Roughly 97.5% of OAS’ funding comes from the United States. When a supposed multilateral international governing body, or whatever OAS is supposed to be, promotes and then ignores violent and destabilizing acts of regime change in a country while simultaneously accepting huge amounts of money from those who would benefit from a change in power there, questions will naturally arise.
Los Tres Mosqueteros
Never far from any sanctions campaign against a Lain American country are Senators Ted Cruz (R – TX) Marco Rubio (R – FL) and Bob Menendez (D – NJ). Using their Spanish sounding names as evidence of expertise, they have been at the center of the advocacy, and even the plots, of most of the recent regime change attempts in Central and South America.
In Bolivia, leaked audio of these three men assuring right-wing authoritarian groups of their support should they want to overthrow the Bolivian president Morales, was published by Bolivian radio at the time. In Venezuela, the makeshift cabinet of the U.S.-installed “interim president” Juan Guaido, was paraded around by these three senators as well. Menendez introduced the “Truth Act”: a framework for other countries to easily sanction Venezuela, while Rubio claimed the ear of the executive to ensure its passage.
Now in Nicaragua, like so many of these episodes, their roles are the same. Rubio and Menendez are spearheading the “RENACER” or “Rebirth” Act, which aims to focus the OAS, EU, UK, US, and others to flatten the Ortega regime through diplomatic coercion and sanctions.
The Committee’s October 17th meeting, entitled “An International Response to Daniel Ortega’s Destruction of Democracy,” was hosted by Florida Congressman Albio Sires (D – NJ), a Cuban-American who helped write the NICA Act in 2018, which authorized the first round of crushing sanctions.

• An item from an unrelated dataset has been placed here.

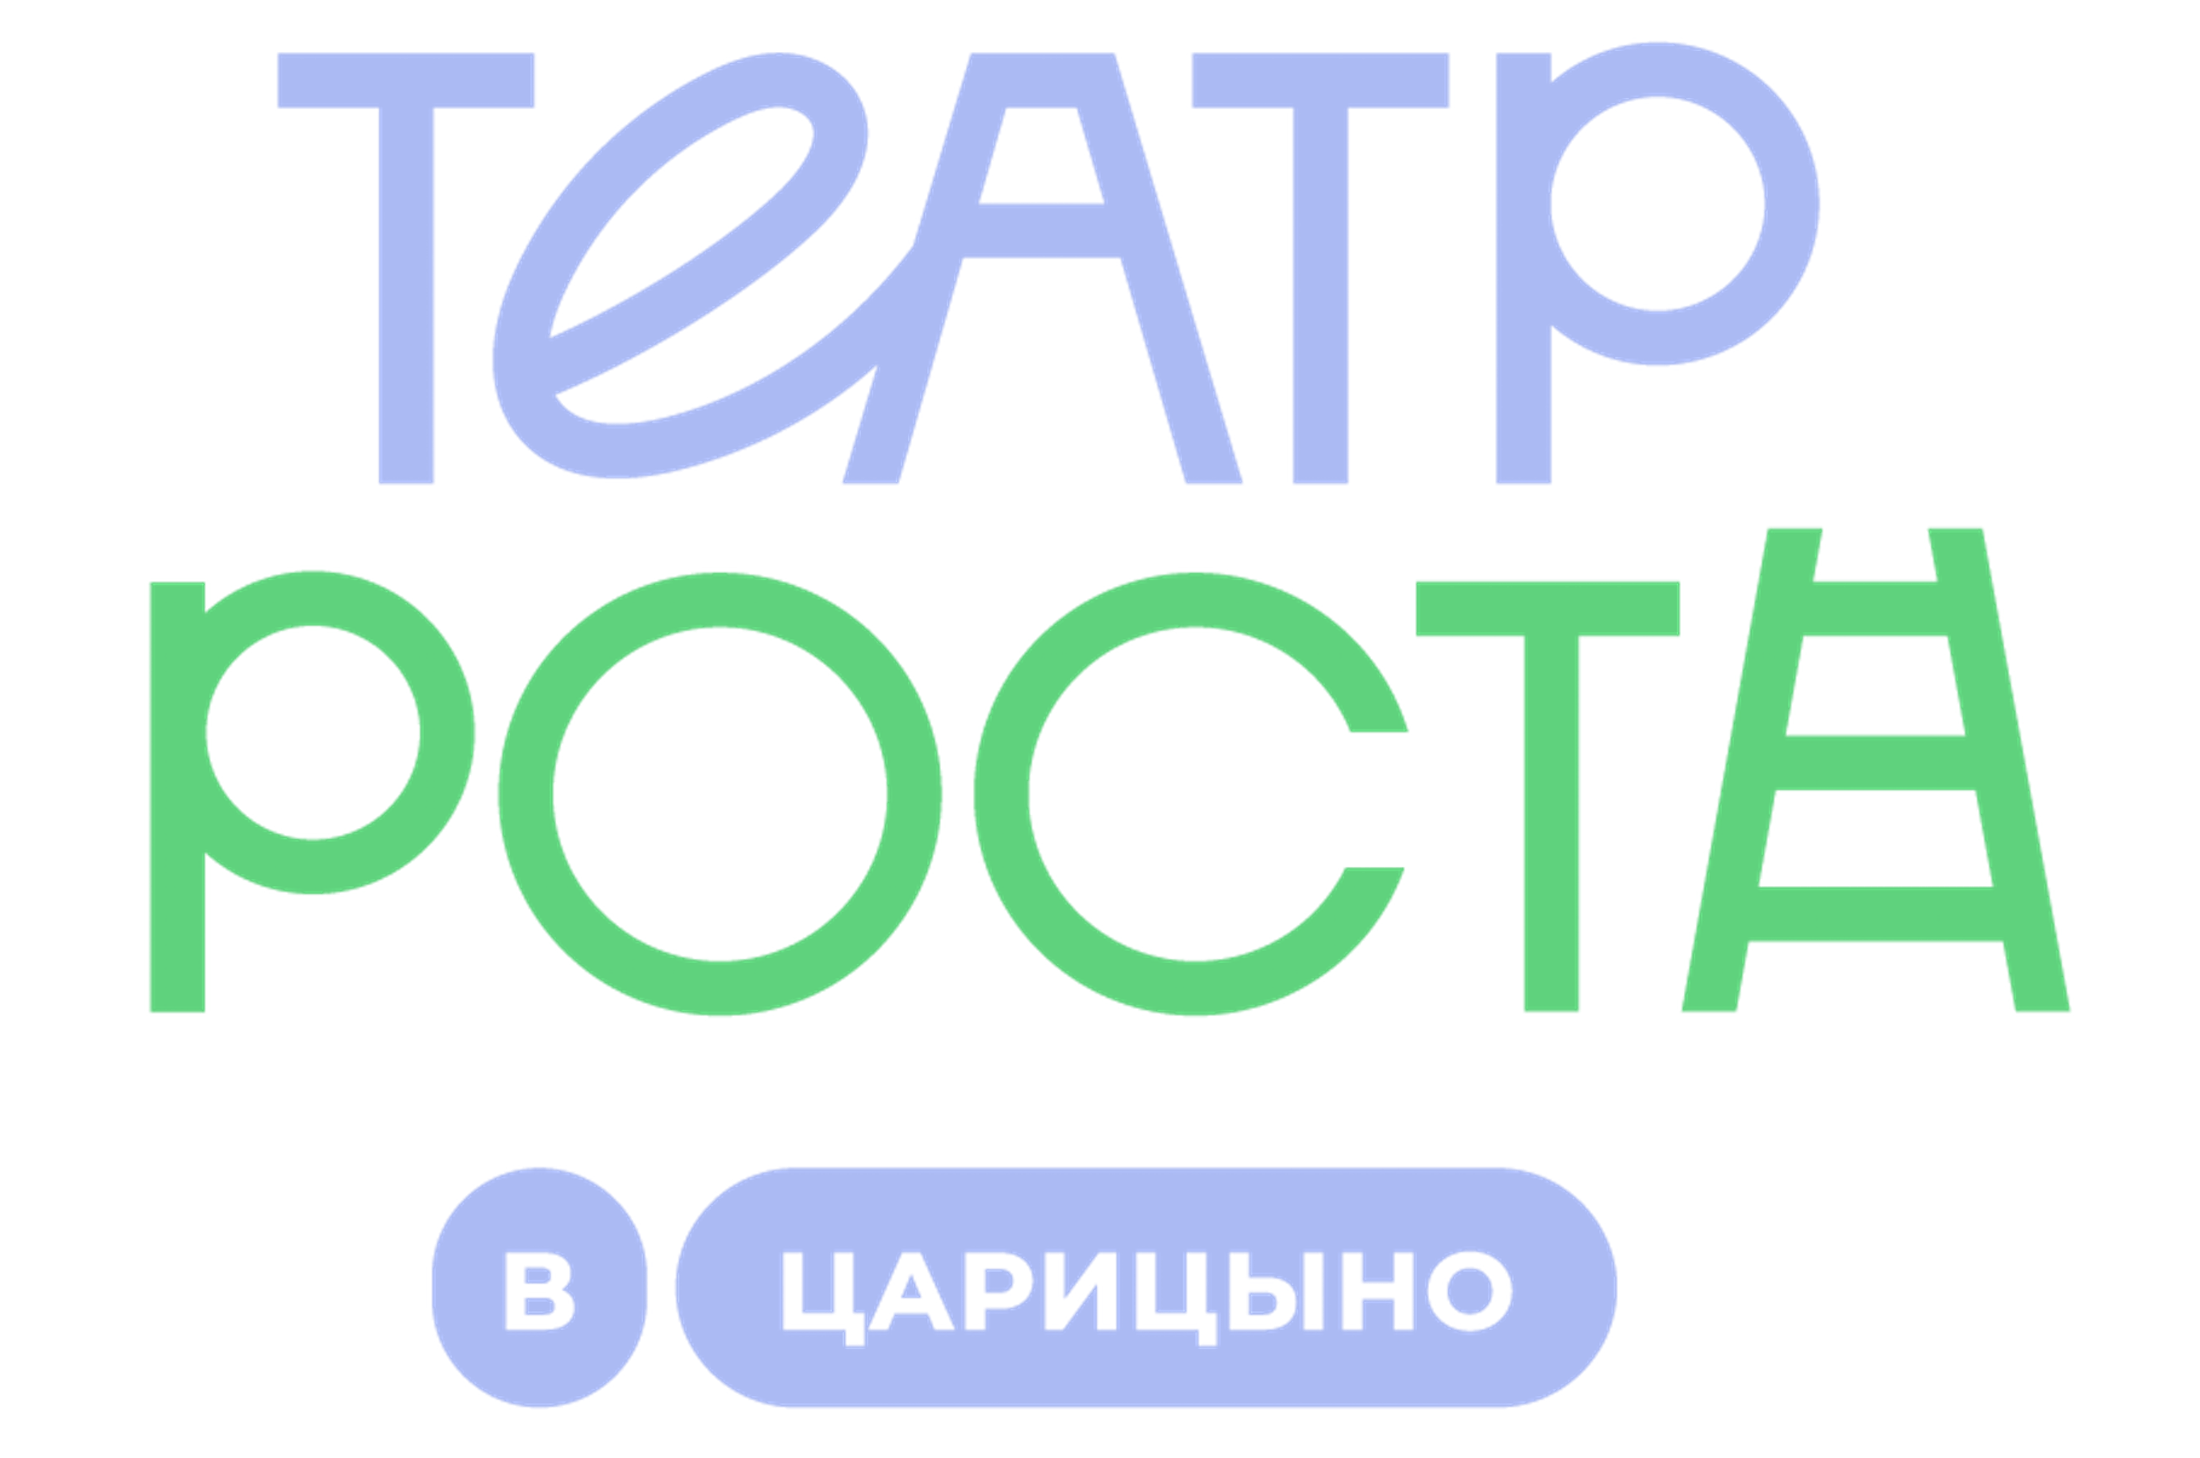 Московский государственный Театр РОСТА в Царицыно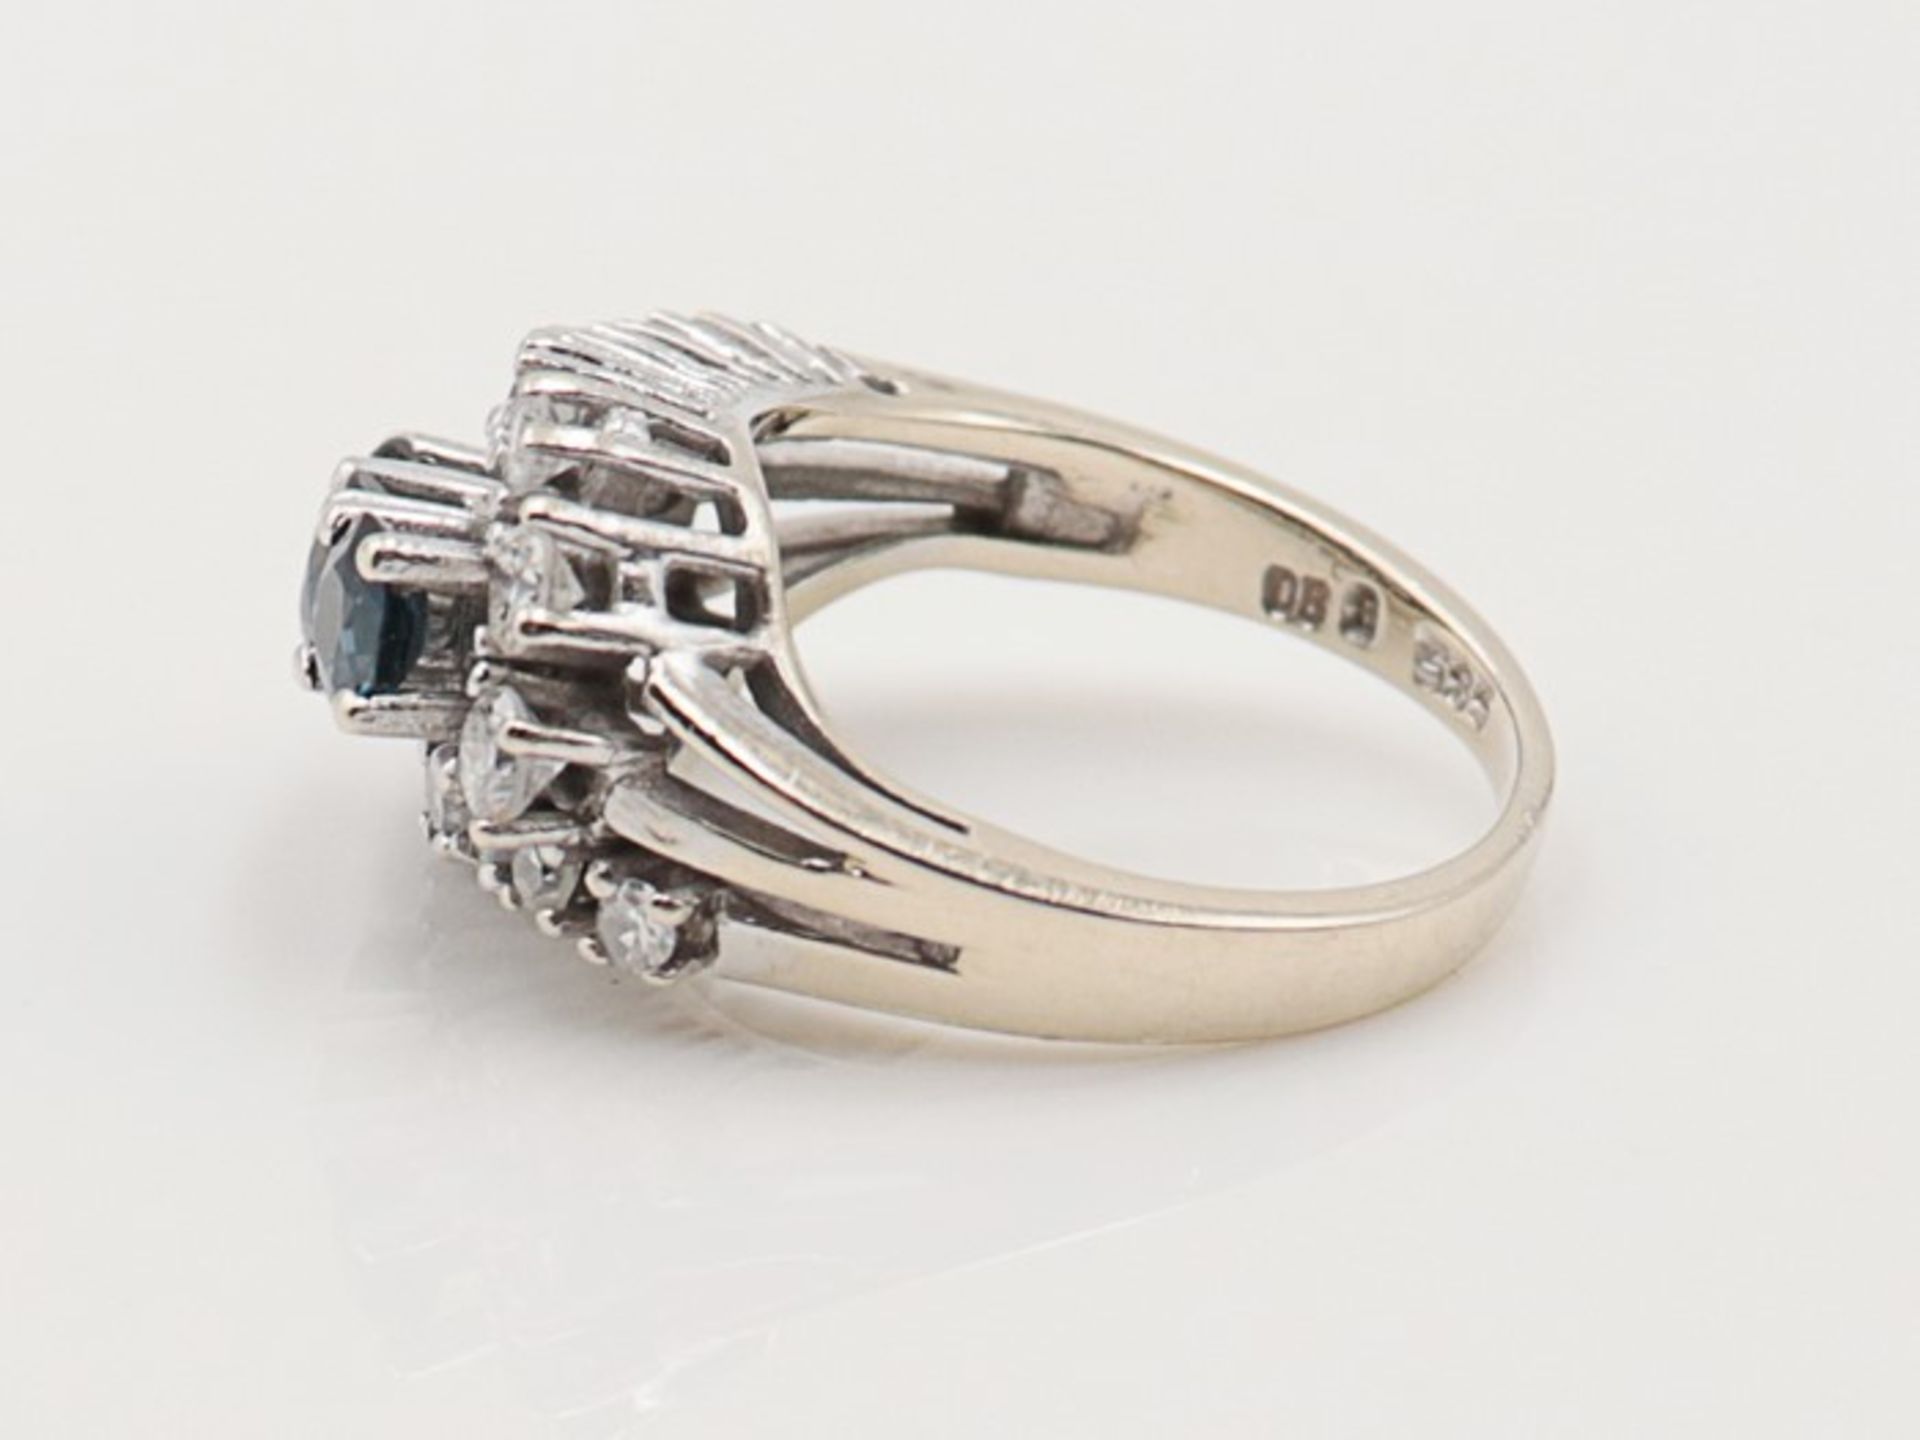 Diamant/Saphir - DamenringWG 585, wellenförmiger, durchbrochener Ringkopf, besetzt mit 3 Saphiren u. - Bild 3 aus 4

Sires is co-author of the RENACER Act, Ben Norton at The Grayzone suspects will be “rammed through Congress with little opposition,” noting the brazenness of some of the statements made. Juan Vargas, a Democrat from Virginia, lamented the U.S. can’t seem to remove the leaders of Cuba, Venezuela, and Nicaragua.
“We do a whole lot of things to try to get rid of them, and we’re not very successful… We did a whole lot of damn things against all these guys, and they still seem to survive.”
“In a comment that showed how little he actually knows about Latin America, Vargas then suggested that Fidel Castro, who died five years ago, is still alive and has ‘been there a long time. I mean we wanted to get rid of him for a long time. We’ve done lots of things to try to get rid of him, but we can’t get rid of him,’” Norton writes.
Sandinista!
One could make a case that no country in Latin America has suffered more from, or at least not suffered as many individual occasions, of aggressive hybrid warfare and colonialism by the U.S. than Nicaragua.
In 1909, a nationalist leader was confronted by U.S.-supported conservative rebels, mainly because the U.S. wanted access to the Nicaragua Canal. Former U.S. military members held strongman positions there for twenty years until the 1930s when the guerilla leader Augusto Sandino fought a five year war which led the Marine Corps to finally depart the country. Shortly after Sandino was assassinated, and the U.S. engineered the installation of the Somoza hereditary military dictatorship which ruled for 43 years.
The famous Sandinista rebels, which took their name from Sandino who first pushed the Americans out, ousted the dictatorship of Somoza in 1979. in 1980, seeing the rise of the “contra” terror groups seeking to revolt against the Sandinista government, Reagan authorized the CIA to send money and weapons to the rebels, even as it became clear they were waging a campaign of terror and national intimidation in the countryside, which killed tens of thousands of people.
After Congress got wind of the gun-running operation by Reagan, they forbade any money being used for the arming of the Contras, which then triggered the infamous “Iran-Contra Affair” in which Reagan began covertly selling arms to Iran, which was under embargo at Reagan’s insistence, and using the proceeds to fund the Contras instead of taxpayer dollars.
It was one year after that presidential elections saw Daniel Ortega take power in Managua, where he still resides today, after losing it for about 15 years during the 90s and early 2000s.